With the exception of the XMA01 epitope, broad nAb XMA09 is also worth investigating. By binding to the special cryptic neutralizing site V that is highly conserved among Sarbecoviruses and distant from ACE2 footprint, XMA09, as well as the previously reported nAb S2H97 (Starr et al., 2021a), broadly inhibit infection of SASR-CoV-2 variants, including the Omicron variant, and even SARS-CoV. The sequence conservation of cryptic neutralizing site V may be necessary for the requirement of structure and function of Sarbecoviruses spike protein. Furthermore, our structural information indicated that XMA09 may destabilize the viral spike protein and further inhibit SARS-CoV-2 infection, as did previously reported CR3022 (Wrobel et al., 2020) and 7D6/6D6 (Li et al., 2021). However, the class 5 nAbs showed less potent neutralization against SARS-CoV-2 when compared with those ACE2-competing nAbs such as XMA01 and XMA04. Thus, further efforts are needed for enhancing neutralization potency, e.g., expansion of antibody volume by modifying immunoglobulin G (IgG) as IgMs (Ku et al., 2021) or particles forms (Ma et al., 2020) to enhance the blocking of the RBD attachment to the receptor.
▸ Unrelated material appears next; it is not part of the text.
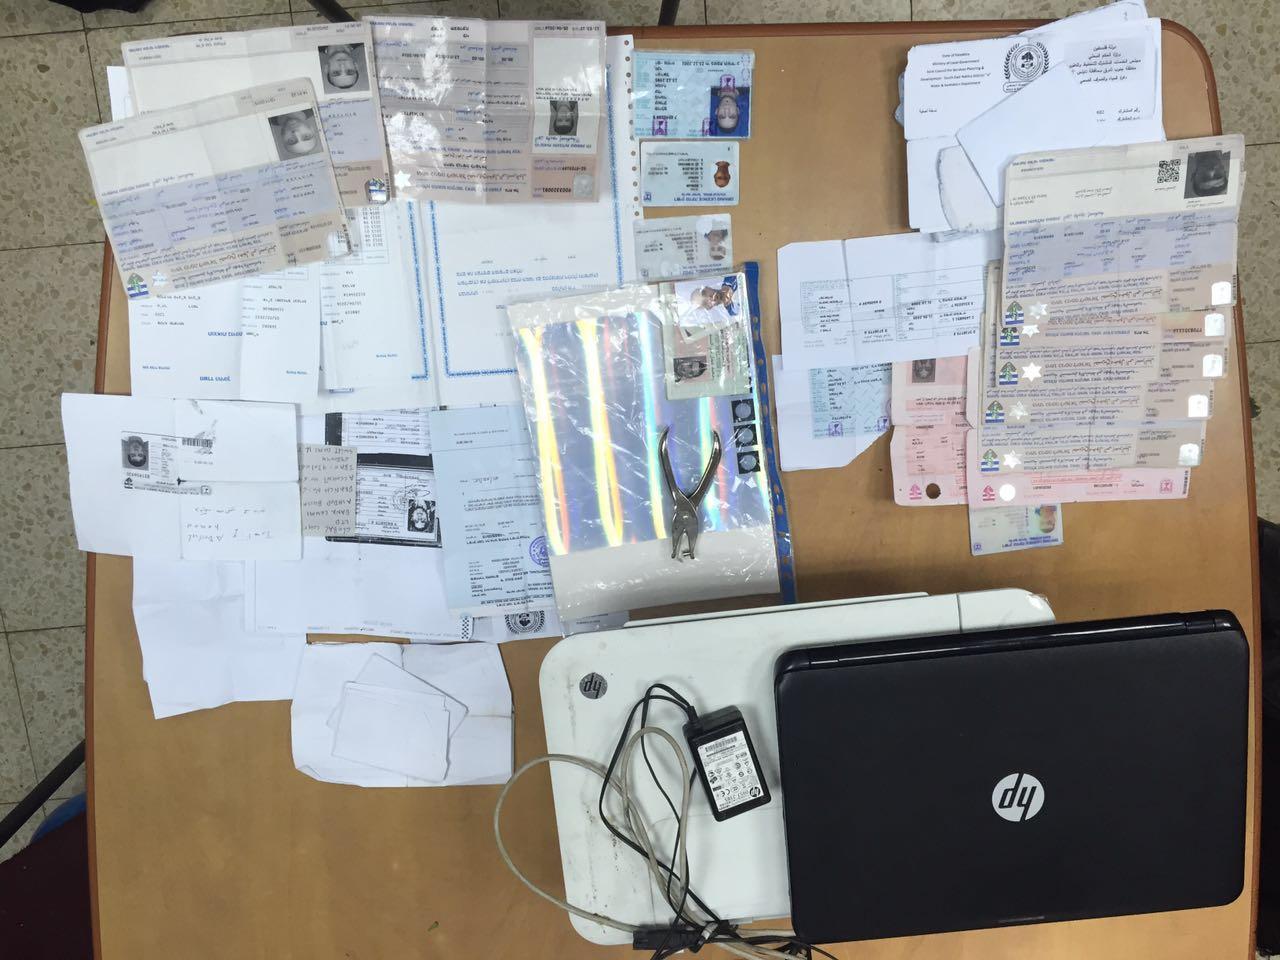 המעבדה לזיוף מסמכים שתפסה המשטרה בכפר עקרבה.צילום דוברות משטרת ישראל.
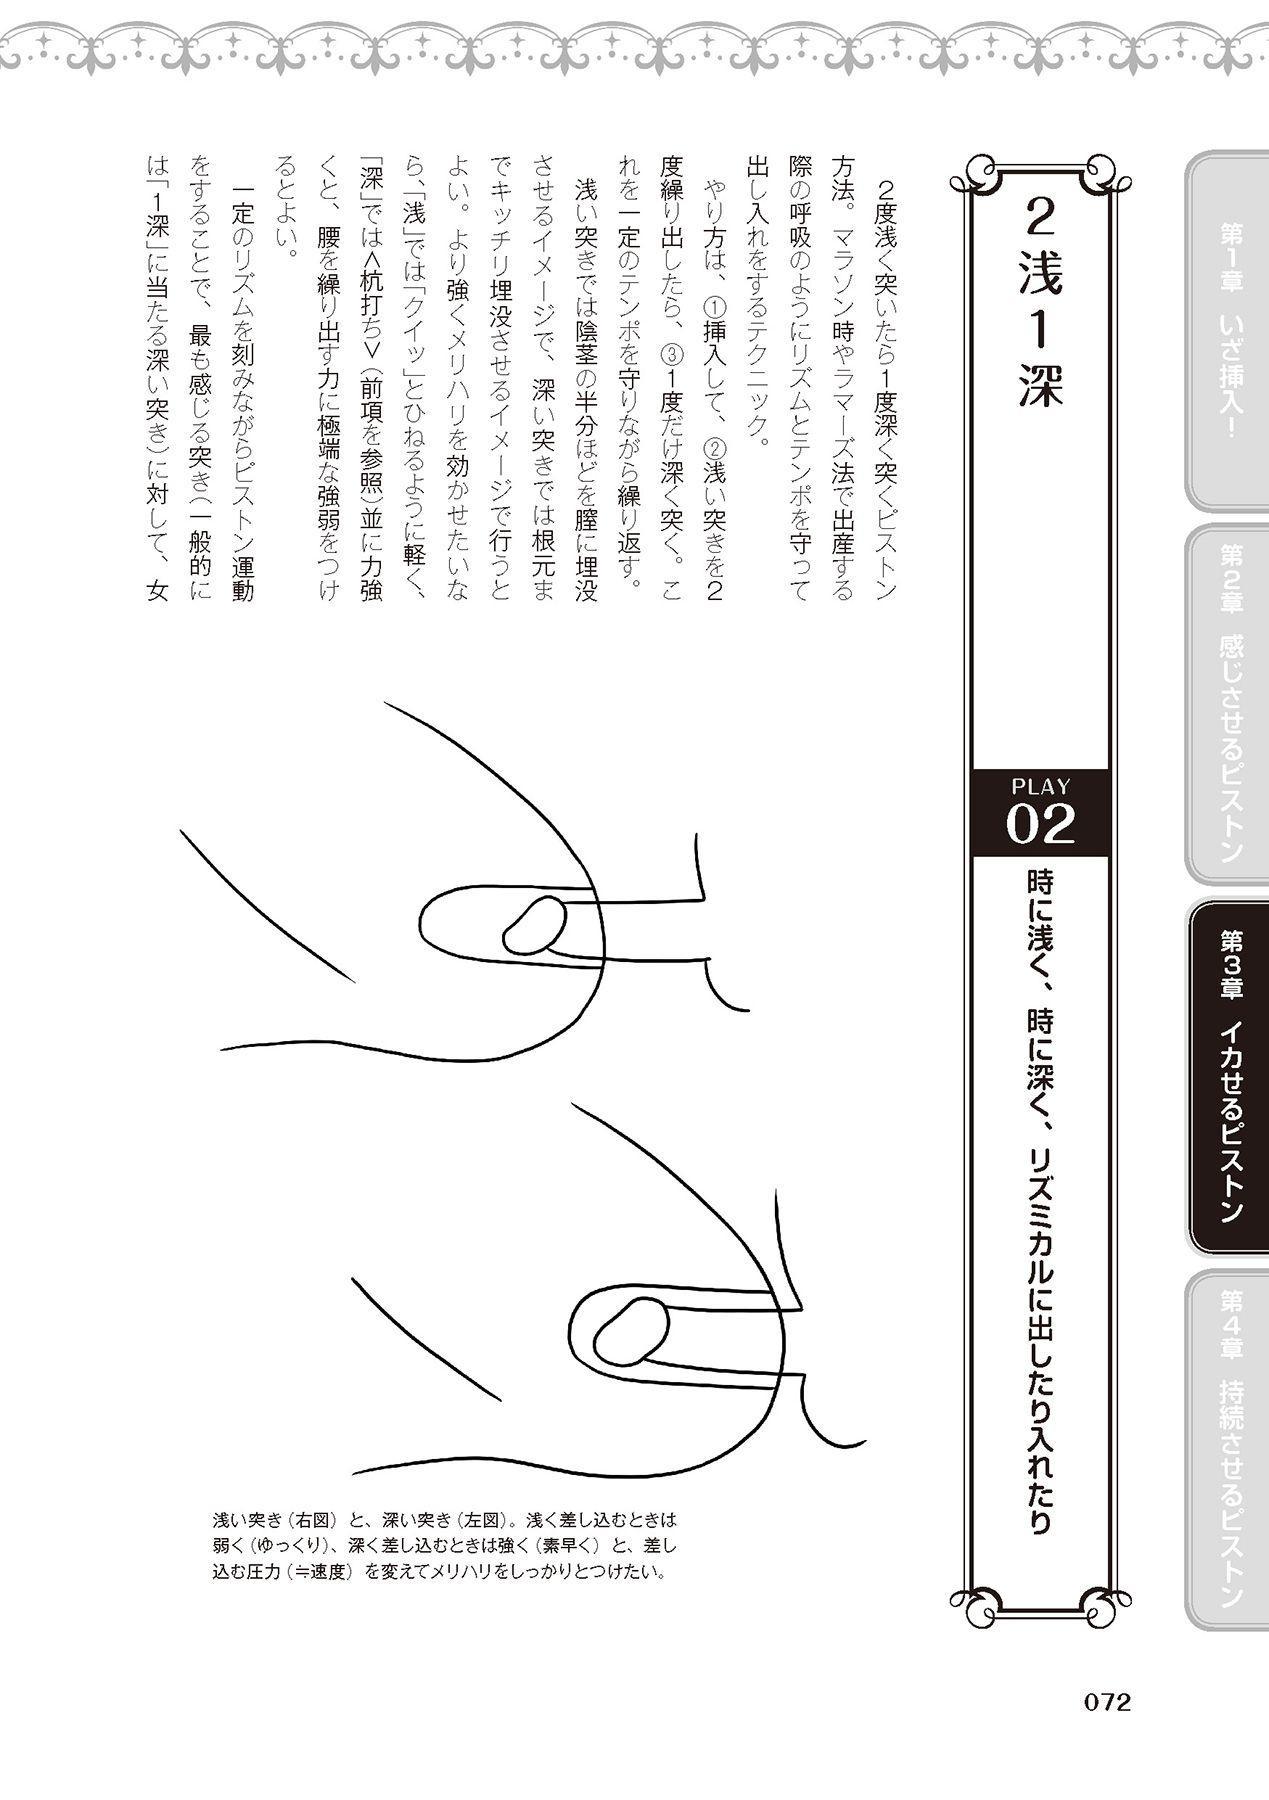 膣挿入&ピストン運動完全マニュアル イラスト版……ピスとんッ! 73

The Omicron variant, with accumulating mutations, could affect nAbs targeting different antigenic sites. Nevertheless, some class 3 (represented by S309) and 4 (represented by CR3022) nAbs that show broad-neutralization potency against Sarbecovirus are impaired by Omicron mutations (Cao et al., 2021; Liu et al., 2021). The neutralization potency of nAbs BRII-198 (class 3) approved by National Medical Products Administration (NMPA) (Ju et al., 2020) and ADG2 (class 4) under evaluation in clinical trials (Rappazzo et al., 2021) are relatively less impaired by the Omicron variant, with IC50 values ranging from 100 ng/mL to 1 μg/mL (Liu et al., 2021). Because of their epitopes located distantly from the ACE2 footprint, nAbs BRII-198 and ADG2 exhibit lower neutralizing activities against SARS-CoV-2 variants compared with XMA01 and XMA04, which strongly block ACE2 attachment (Figure S2B). Notably, nAb BRII-198 has been reported not invincible; especially, R346 mutation on RBD, which is contained in approximately 10% of Omicron viruses in GISAID, was reported to diminish the activity of BRII-198 (Liu et al., 2021). In contrast, XMA01 could directly escape the adverse influence of R346 mutation by spatial exclusion from interacting with this residue. Another class of public nAbs using IGHV 3–53/66 targeting class 1 antigenic sites (e.g., RENG10933) are substantially escaped by SARS-CoV-2 Beta, Gamma, and Omicron variants due to the abolished interaction of nAb with the negatively charged lysine on residue 417. However, nAb DXP-604, in a clinical trial from this class, shows moderate neutralizing activity against the Omicron variant, with an IC50 value of 287 ng/mL (Cao et al., 2021). XMA01 and XMA04 showed at least 5- to 10-fold higher neutralizing efficacies against Omicron when compared with all the above nAbs, implying their clinical applicability against SARS-CoV-2 and variants.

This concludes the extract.